4.2.2 Redis replication startup process
I briefly described what happens when a slave connects—that the master starts a snapshot
and sends that to the slave—but that’s the simple version. Table 4.2 lists all of the
operations that occur on both the master and slave when a slave connects to a master.
|Step||Master operations||Slave operations|
|1||(waiting for a command)||(Re-)connects to the master; issues the SYNC command|
|2||Starts BGSAVE operation; keeps a backlog of all write commands sent after BGSAVE||Serves old data (if any), or returns errors to commands (depending on configuration)|
|3||Finishes BGSAVE; starts sending the snapshot to the slave; continues holding a backlog of write commands||Discards all old data (if any); starts loading the dump as it’s received|
|4||Finishes sending the snapshot to the slave; starts sending the write command backlog to the slave||Finishes parsing the dump; starts responding to commands normally again|
|5||Finishes sending the backlog; starts live streaming of write commands as they happen||Finishes executing backlog of write commands from the master; continues executing commands as they happen|
With the method outlined in table 4.2, Redis manages to keep up with most loads during
replication, except in cases where network bandwidth between the master and
slave instances isn’t fast enough, or when the master doesn’t have enough memory to
fork and keep a backlog of write commands. Though it isn’t necessary, it’s generally
considered to be a good practice to have Redis masters only use about 50–65% of the
memory in our system, leaving approximately 30–45% for spare memory during
BGSAVE and command backlogs.
On the slave side of things, configuration is also simple. To configure the slave for
master/slave replication, we can either set the configuration option SLAVEOF host
port, or we can configure Redis during runtime with the SLAVEOF command. If we use
the configuration option, Redis will initially load whatever snapshot/AOF is currently
available (if any), and then connect to the master to start the replication process outlined
in table 4.2. If we run the SLAVEOF command, Redis will immediately try to connect
to the master, and upon success, will start the replication process outlined in
DURING SYNC, THE SLAVE FLUSHES ALL OF ITS DATAJust to make sure that we’re all on the same page (some users forget this the first time they try using slaves): when a slave initially connects to a master, any data that had been in memory
will be lost, to be replaced by the data coming from the master.

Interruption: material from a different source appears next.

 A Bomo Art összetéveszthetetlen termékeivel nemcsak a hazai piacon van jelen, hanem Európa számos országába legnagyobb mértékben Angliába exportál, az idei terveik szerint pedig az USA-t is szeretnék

WARNING: REDIS DOESN’T SUPPORT MASTER-MASTER REPLICATIONWhen shown
master/slave replication, some people get the mistaken idea that because we
can set slaving options after startup using the SLAVEOF command, that means
we can get what’s known as multi-master replication by setting two Redis instances
as being SLAVEOF each other (some have even considered more than two in a
loop). Unfortunately, this does not work. At best, our two Redis instances will use
as much processor as they can, will be continually communicating back and
forth, and depending on which server we connect and try to read/write data
from/to, we may get inconsistent data or no data.

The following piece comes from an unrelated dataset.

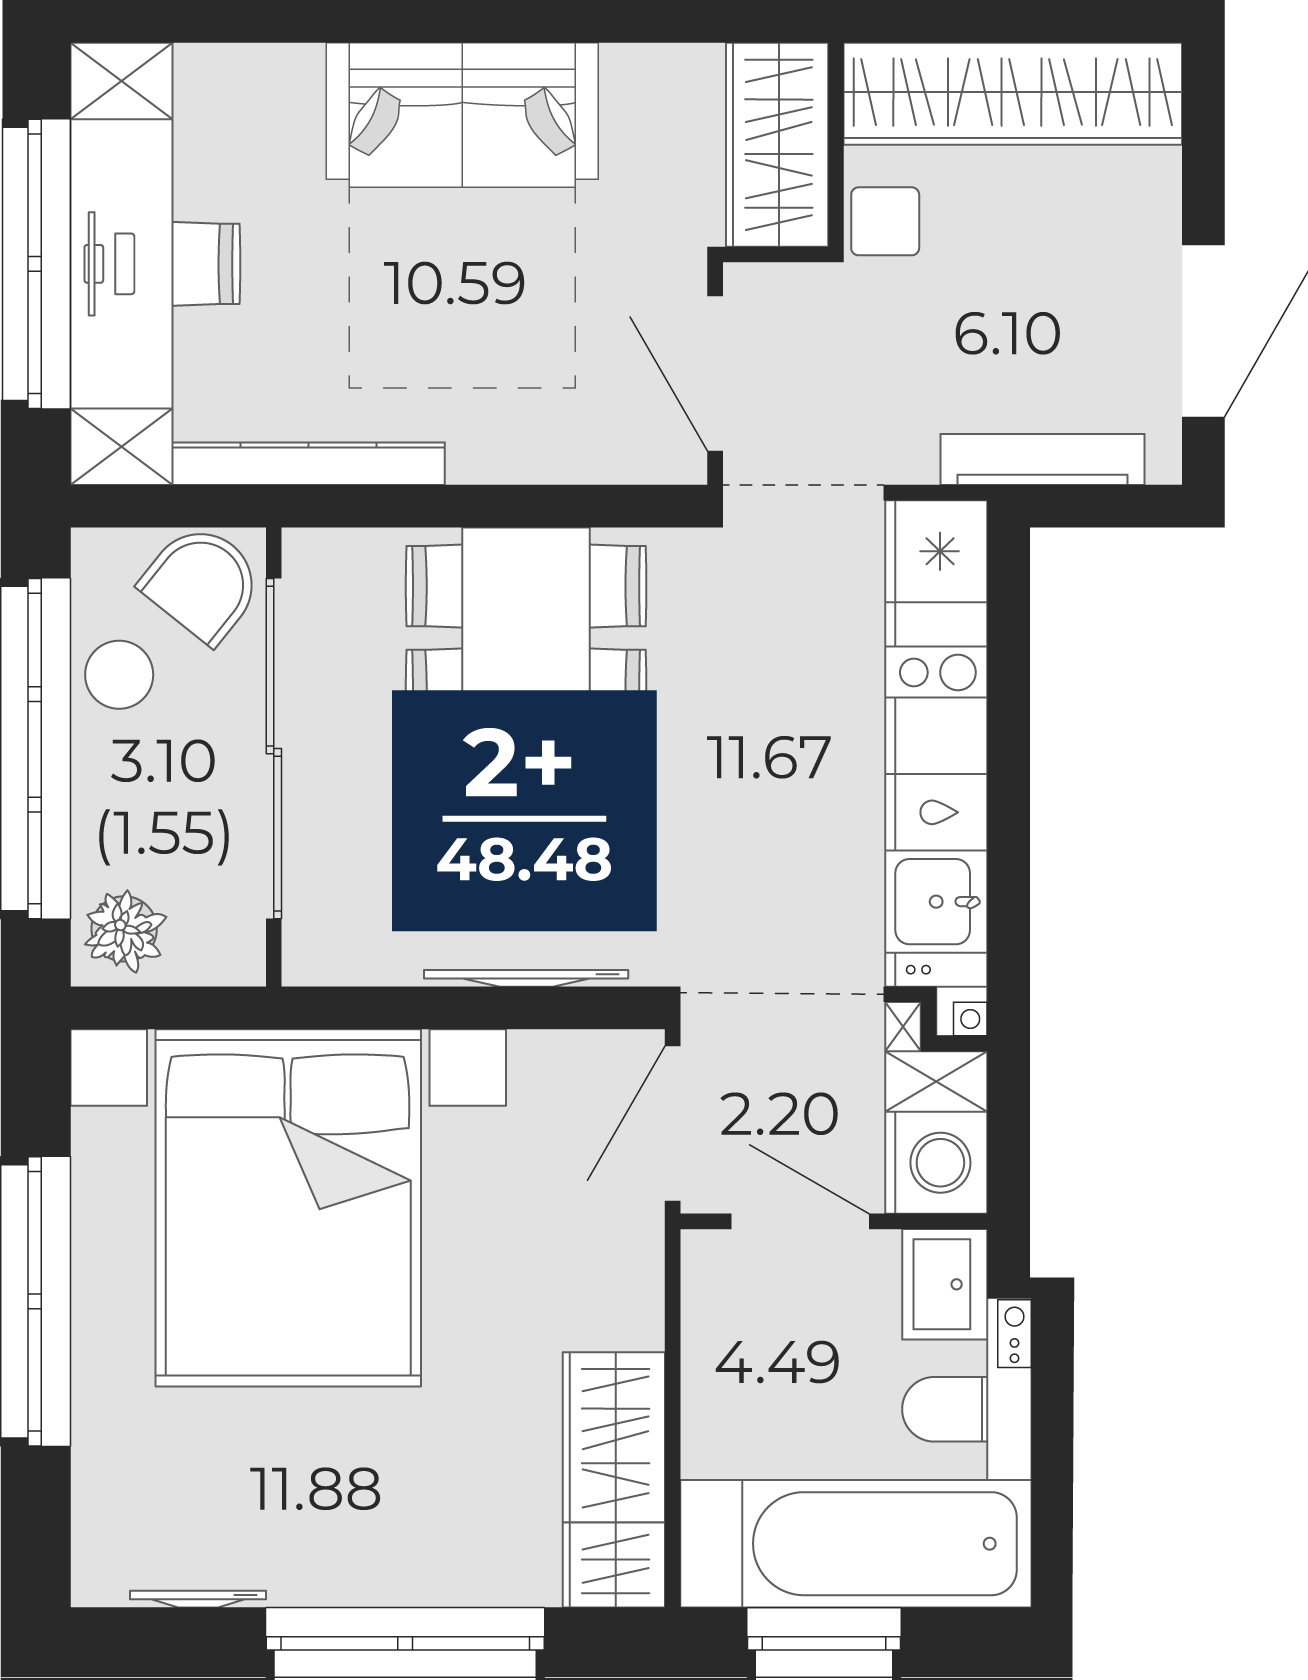 Квартира № 81, 2-комнатная, 48.48 кв. м, 8 этаж

When multiple slaves attempt to connect to Redis, one of two different scenarios can
occur. Table 4.3 describes them.
|When additional slaves connect||Master operation|
|Before step 3 in table 4.2||All slaves will receive the same dump and same backlogged write commands.|
|On or after step 3 in table 4.2||While the master is finishing up the five steps for earlier slaves, a new sequence of steps 1-5 will start for the new slave(s).|
For the most part, Redis does its best to ensure that it doesn’t have to do more work
than is necessary. In some cases, slaves may try to connect at inopportune times and
cause the master to do more work. On the other hand, if multiple slaves connect at
the same time, the outgoing bandwidth used to synchronize all of the slaves initially
may cause other commands to have difficulty getting through, and could cause general
network slowdowns for other devices on the same network.